At least anchor Scott Simon played a clip of Trump throwing shade on Bill Clinton (which NPR doesn’t want to address): “You know, you should focus on Clinton. You should focus on the president of Harvard, the former president of Harvard [Lawrence Summers, also Treasury Secretary under Clinton]. You should focus on some of the hedge fund guys. I'll give you a list. These guys lived with Jeffrey Epstein. I sure as hell didn't.”
Those Democrats were then immediately forgotten. Simon asked NPR political analyst Ron Elving:
SIMON: Ron, where do you see this controversy headed?
ELVING: It could go any number of directions, but it's not going away. It seems to travel at Trump's speed wherever he goes. He got an Epstein question getting on the plane here, another when he landed in Scotland....
So he has to hope it all goes away before the fall. But right now, Epstein is the one name in the news as often as Trump, and the two are being endlessly linked in story after story, with all those chummy photos from back in the day.

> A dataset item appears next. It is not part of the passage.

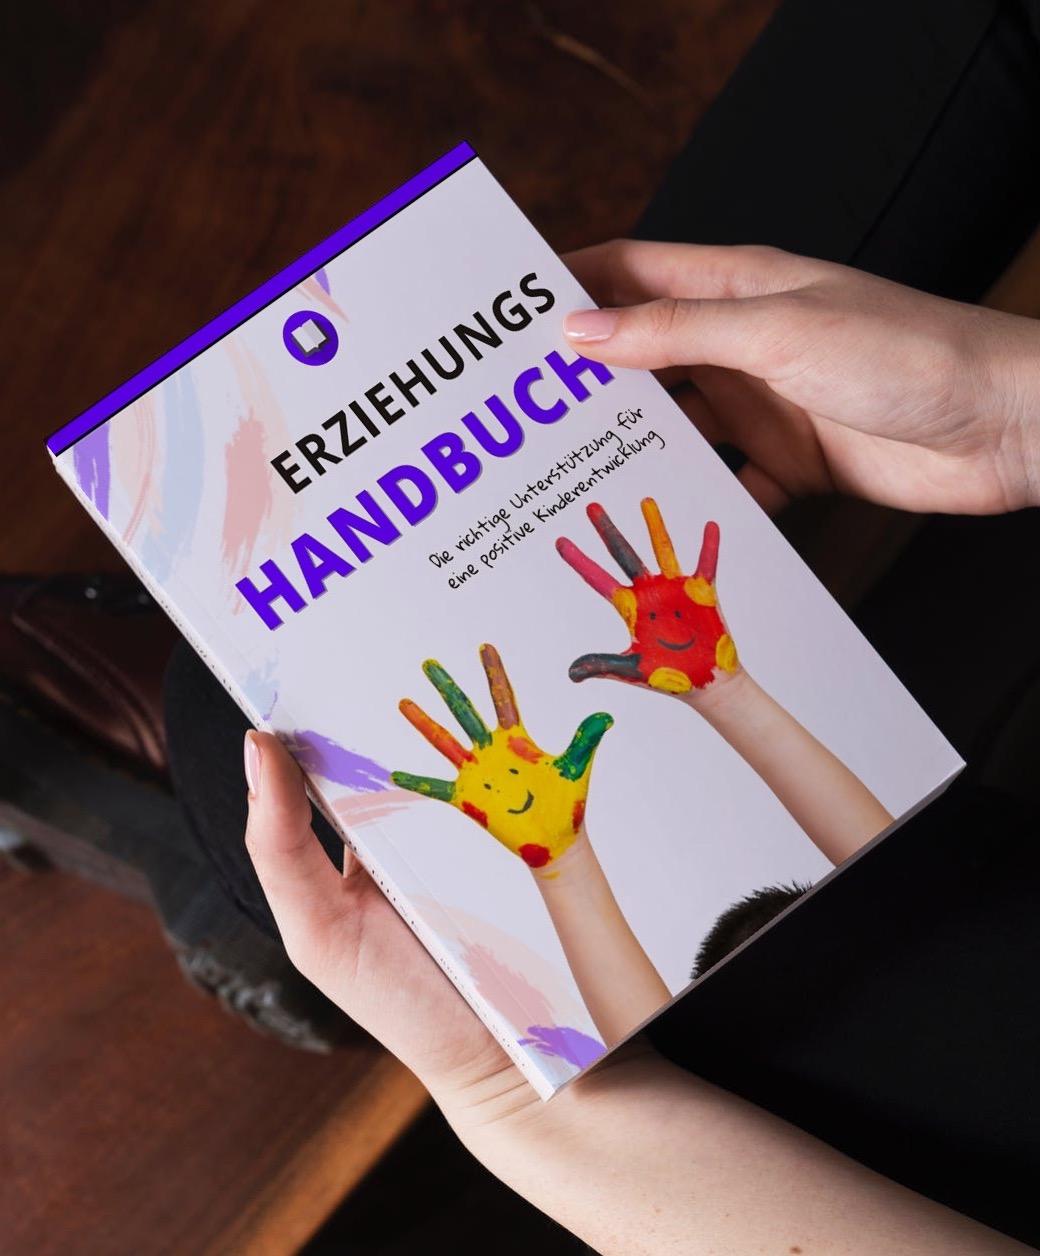 Frau hält das Erziehung Handbuch in den Händen

This is one of those things that liberal journalists do that sounds like passive-aggressive bullying: “So we just happen to be endlessly linking you with a notorious sex-trafficker in story after story, with all those chummy photos. Gosh, how does this keep happening?” They wonder why people hate them.
Simon and Elving didn’t find the Russiagate hoax worth discussing. On Wednesday’s Morning Edition, they carried this tilted headline: “President Trump deflects questions about Epstein probe with accusations about Obama.” The online summary: “President Trump turned to a nearly 8-year-old controversy Tuesday when asked about the Jeffrey Epstein scandal that's been plaguing him for weeks, pivoting to Russian meddling in the 2016 election.”
The media are never “deflecting” when they choose the Trump-punishing story over the Democrat-scrutinizing story.
But you have to laugh at the sound of this: Trump turned to an outdated "nearly 8-year-old controversy" when we’re trying to punish him with a birthday card he allegedly sent to Jeffrey Epstein 22 years ago.